Salud y Sexualidad

El gateo

La tutora o madre puede estimular el gateo haciendo la acción, ya sea delante del niño, invitándolo a seguirla o bien detrás

Después de los seis meses, las niñas y niños comienzan a experimentar movimientos de arrastre que se conocen comúnmente como "gateo". En esta etapa hay que permitirle al bebé que haga esta acción a como quiera, señala Carla Peralta, promotora del Centro de Atención al Desarrollo Temprano (ADT) del barrio Germán Pomares.
La Asociación Finlandia-Nicaragua es la que apoya este ADT, afirma Peralta al explicar que algunos niños gatean sobre las manos y rodillas, otros se arrastran sentados, apoyándose en manos y nalgas, otros combinan los movimientos de arrastrarse, rodar y dar pequeños brincos.

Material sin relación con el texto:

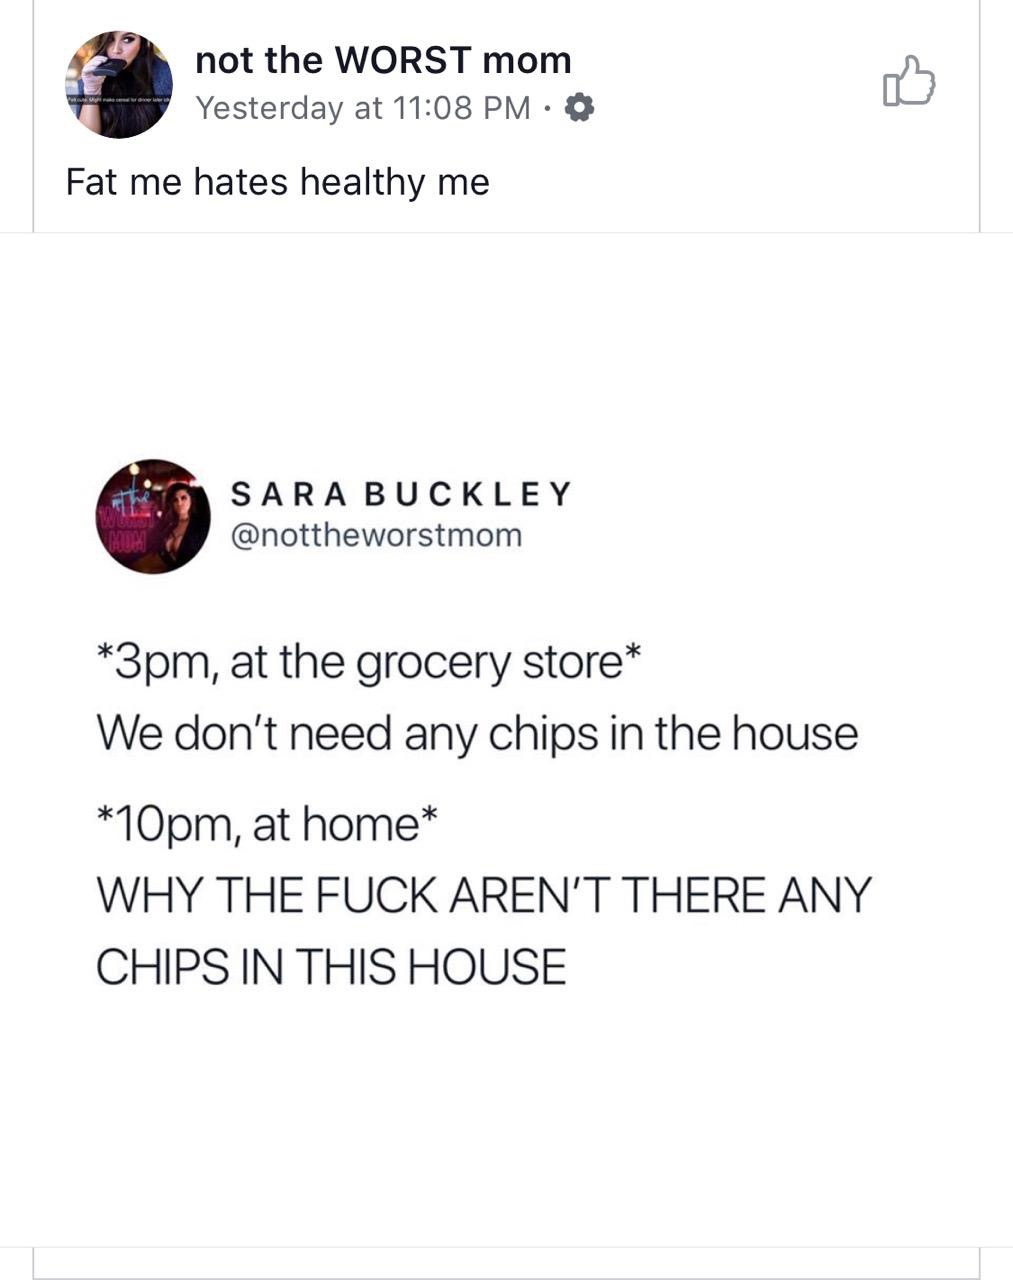 angle - not the Worst mom Yesterday at 0 Fat me hates healthy me Sara Buckley 3pm, at the grocery store We don't need any chips in the house 10pm, at home Why The Fuck Aren'T There Any Chips In This House

Respetando el ritmo del niño
La tutora o madre puede estimular el gateo haciendo la acción, ya sea delante del niño, invitándolo a seguirla o bien detrás, simulando que lo quiere alcanzar. Todo esto despacio, suave, con mucho cariño, respetando el ritmo del niño.
El juego en sus diferentes formas anima al gateo. Un ejemplo, la madre se esconderá tras una cortina o mueble --bajo la mirada del niño-- para que éste la busque, o bien sonará un pito o un chischil para que el menor mediante el sonido encuentre lo que busca.
En los ADT que atiende Soynica, la promotora encargada suele organizar concursos de gateo entre las niñas y niños y se premia al que llegue primero a la meta.
Entre los diez y doce meses el niño probablemente intentará ponerse en pie. Si no lo hace hay que apoyarlo para que lo haga, dejándolo en esa posición, en el borde de una cama, para que juegue y ejercite sus piernas. Hay que motivarlo a desplazarse apoyado en la cama dando pasitos a los lados.

Los juegos
En esta edad del desarrollo, un niño normal está muy dado al jugueteo, a practicar cambios de posición y a experimentar diferentes alturas. Algo que deben tomar en cuenta los mayores es nunca lanzar al aire a un niño para luego agarrarlo. Esta mala práctica suelen hacerla muchos familiares, arriesgando la seguridad del bebé.
Alrededor de los seis y siete meses, a las niñas y niños les encanta jugar con el cabello de las mamás mientras se alimentan. Esto se debe a que en esta época desarrollan el control manual y aprenden a distinguir con el tacto diferentes formas de materiales. Para mejorar la aprehensión, las cosquillitas en las palmas de las manos y en el dorso para que las abran y las cierren, resultan ser muy efectivas.
Otro ejercicio de coordinación es la de agarrar las manos del bebé y hacerle palmas y tortillitas, acompañando esta acción con un canto.
Otras experiencias que le permitan ejercitar los movimientos de las manos y la presión en forma de pinzas, es la de enseñarle a pasar las hojas de una revista con imágenes llamativas, usando los dedos índice y pulgar.
Para el desarrollo del lenguaje y la audición nada mejor que entonarles canciones infantiles con buena vocalización, hasta que se familiaricen con las mismas. Se les motivará a producir sonidos y con correcciones suaves con todo amor se les apoyará a la buena pronunciación. Si pronuncia bien hay que celebrárselo.
Si estando cerca de grifo, el menor pretende pronunciar la palabra agua, y en vez de ello dice aga, la mamá o tutor abrirá la llave y dirá “el niño quiere agua”. Hay que hablarle el mayor tiempo posible y permitirle que escuche otras voces humanas y de animales. Cuando emita un sonido, el tutor lo deberá repetir, expresando alegría o sorpresa. En todo momento hay que mantener actitudes positivas, alegres, consistentes, seguras y firmes frente al niño.